QEP RESOURCES, INC.NON-GAAP MEASURES(Unaudited)

Adjusted EBITDA

This release contains references to the non-GAAP measure of Adjusted EBITDA. Management defines Adjusted EBITDA as earnings before interest, income taxes, depreciation, depletion and amortization (EBITDA), adjusted to exclude changes in fair value of derivative contracts, exploration expenses, gains and losses from asset sales, impairment and certain other items. Management uses Adjusted EBITDA to evaluate QEP's financial performance and trends, make operating decisions and allocate resources. Management believes the measure is useful supplemental information for investors because it eliminates the impact of certain nonrecurring, non-cash and/or other items that management does not consider as indicative of QEP's performance from period to period. QEP's Adjusted EBITDA may be determined or calculated differently than similarly titled measures of other companies in our industry, which would reduce the usefulness of this non-GAAP financial measure when comparing our performance to that of other companies.
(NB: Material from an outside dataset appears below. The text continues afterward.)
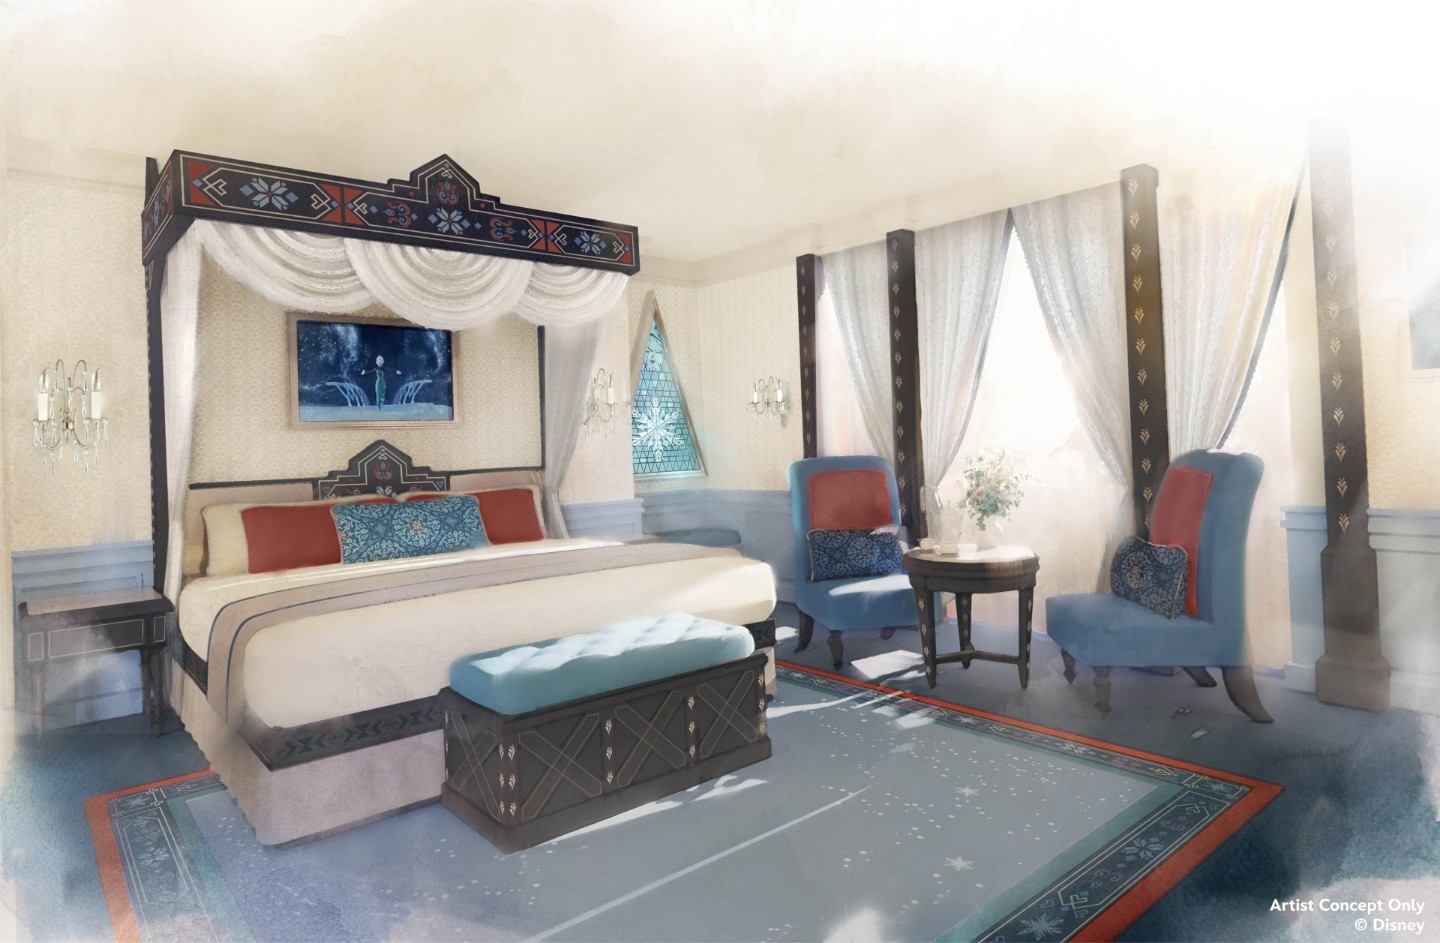 El Hotel Disneyland de París tendrá habitaciones con temática de Frozen -  Travel to the Magic

Below is a reconciliation of Net Income (Loss) (a GAAP measure) to Adjusted EBITDA. This non-GAAP measure should be considered by the reader in addition to, but not instead of, the financial statements prepared in accordance with GAAP.

  Three Months Ended   Six Months Ended
  June 30,   June 30,
  2018   2017   2018   2017
  (in millions)
Net income (loss) $ (336.0 )   $ 45.4     $ (389.6 )   $ 122.3  
Interest expense 38.2     34.9     73.2     68.7  
Interest and other (income) expense 3.1     (1.8 )   3.8     (2.4 )
Income tax provision (benefit) (106.2 )   27.3     (120.1 )   72.9  
Depreciation, depletion and amortization 242.2     191.5     438.7     383.3  
Unrealized (gains) losses on derivative contracts 33.6     (100.3 )   43.6     (277.6 )
Exploration expenses 0.1         0.1     0.4  
Net (gain) loss from asset sales, inclusive of restructuring costs 3.9     (19.8 )   0.4     (19.8 )
Impairment 403.7         404.4     0.1  
Adjusted EBITDA $ 282.6     $ 177.2     $ 454.5     $ 347.9  
                               

Adjusted Net Income (Loss)

This release contains references to the non-GAAP measure of Adjusted Net Income (Loss). Management defines Adjusted Net Income (Loss) as earnings excluding gains and losses from asset sales, unrealized gains and losses on derivative contracts, asset impairments and certain other items. Management uses Adjusted Net Income (Loss) to evaluate QEP’s financial performance and trends, make operating decisions, and allocate resources. Management believes the measure is useful supplemental information for investors because it eliminates the impact of certain nonrecurring, non-cash and/or other items that management does not consider as indicative of QEP’s performance from period to period. QEP’s Adjusted Net Income (Loss) may be determined or calculated differently than similarly titled measures of other companies in our industry, which would reduce the usefulness of this non-GAAP financial measure when comparing our performance to that of other companies.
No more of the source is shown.